Dont Ever Cry.

3 pale blue eyes.


Uma hora depois que iniciei minha caminhada, me vi na frente da casa de Courtney. Uma estranha aglomeração havia se formado ali. Logo vi que havia ambulâncias, pessoas chorando e Frances parada em frente à casa.

Ela estava pálida, com os lábios brancos e uma fita de vídeo na mão. As lágrimas não paravam de cair de seus olhos, involuntariamente.

-- AH, MAS QUE PORRA!

Saí empurrando todos que via na minha frente. Slash estava atrás de mim, provavelmente já tinha ficado sabendo.
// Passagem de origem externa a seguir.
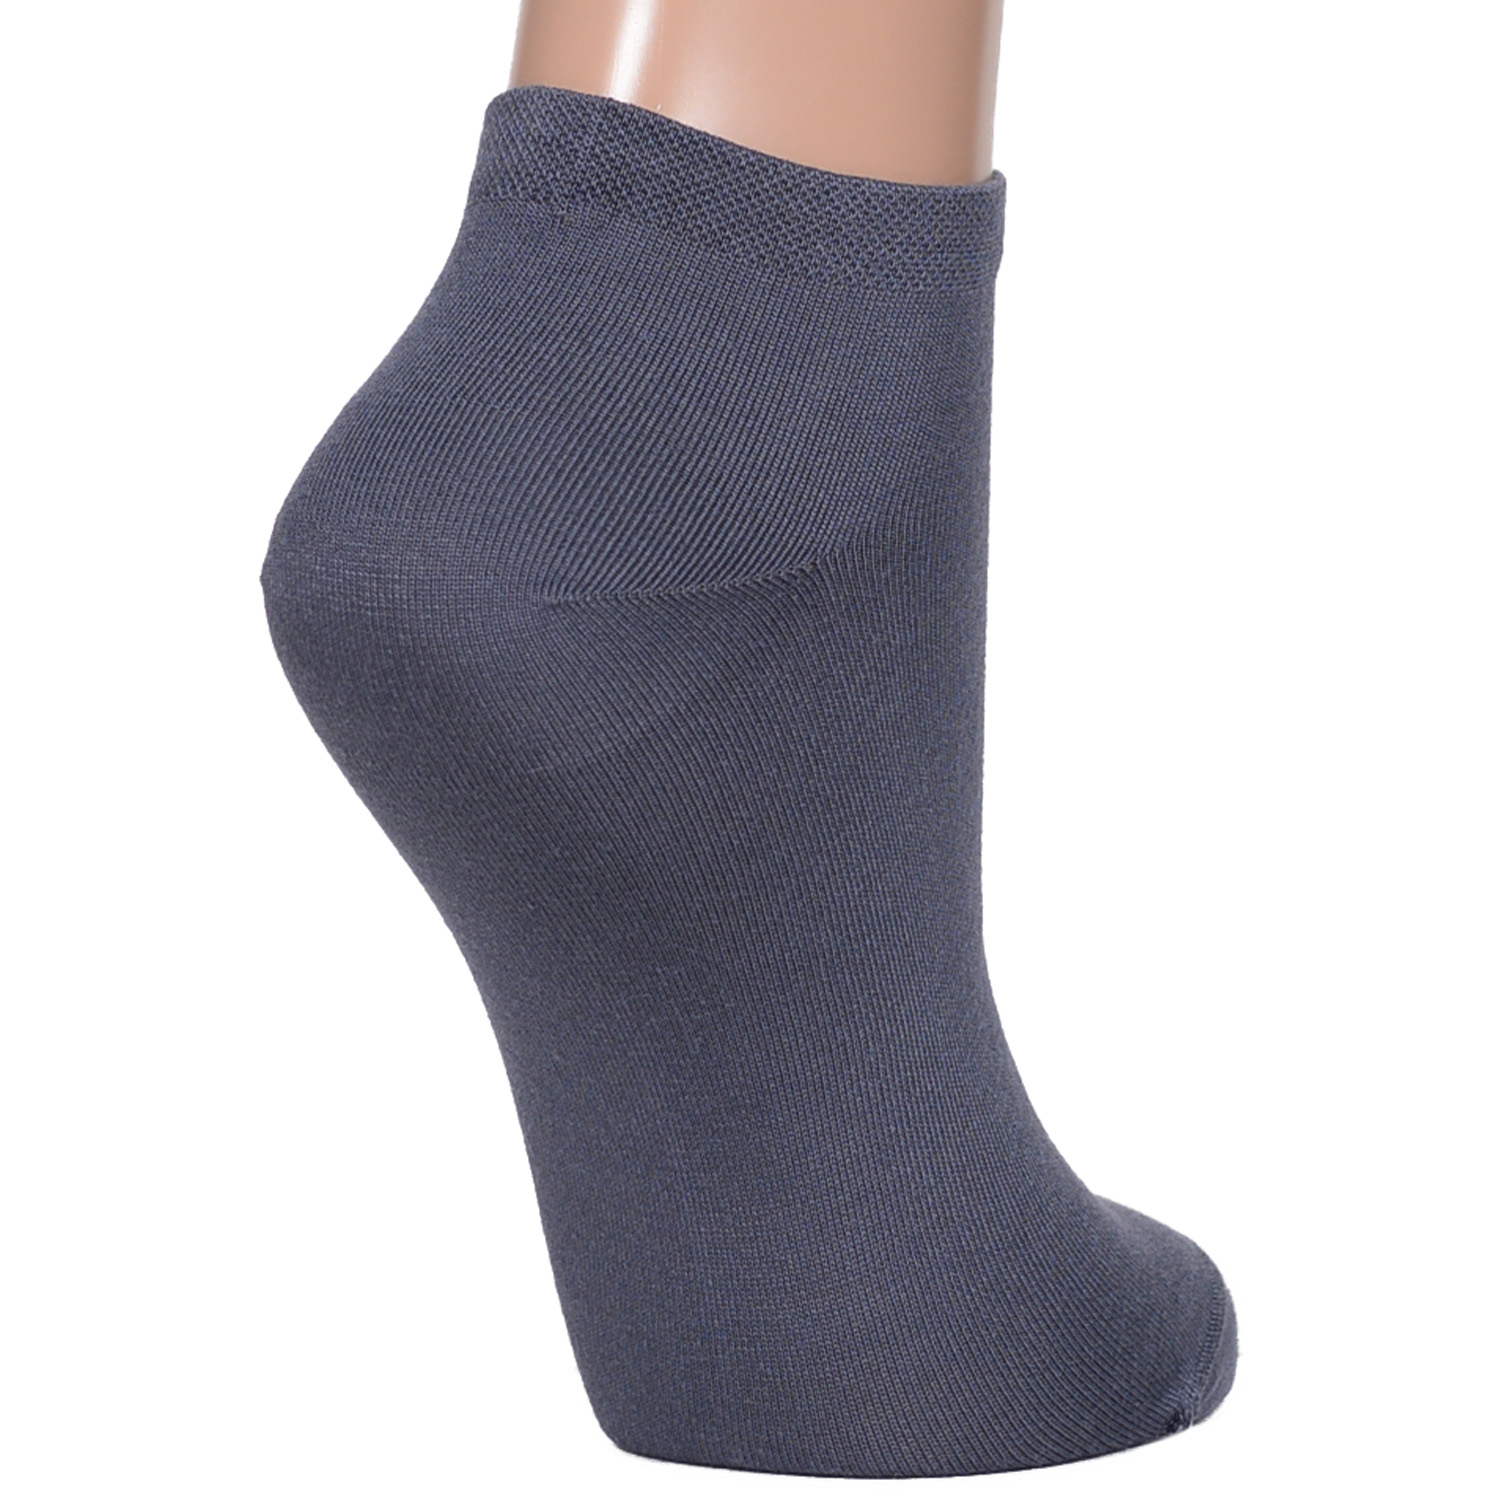 Комплект носков женских Rusocks 3-Ж-1522 серых; синих; черных 23

Cheguei até Frances e a abracei.

-- Mamãe... Ela não está bem.

Olhei para o lado e vi uma maca saindo da casa com o corpo de Courtney imóvel, pálido e gelado. Como o corpo de Kurt há alguns meses.

-- Fica com ela! – falei para Slash e saí correndo atrás da maca, com as lágrimas embaçando minha visão. Courtney estava com os olhos abertos. Lindos olhos azuis acinzentados... Abracei o corpo morto de Courtney e dei um beijo em sua boca pálida. – Há quanto tempo ela morreu?

-- Umas 2 horas.

-- POR QUE NINGUÉM ME LIGOU?

-- Não sabíamos que o senhor estava relacionado com ela. E como não sabíamos de nada sobre ela, ligamos para a gravadora do Hole e bem... A notícia se espalhou.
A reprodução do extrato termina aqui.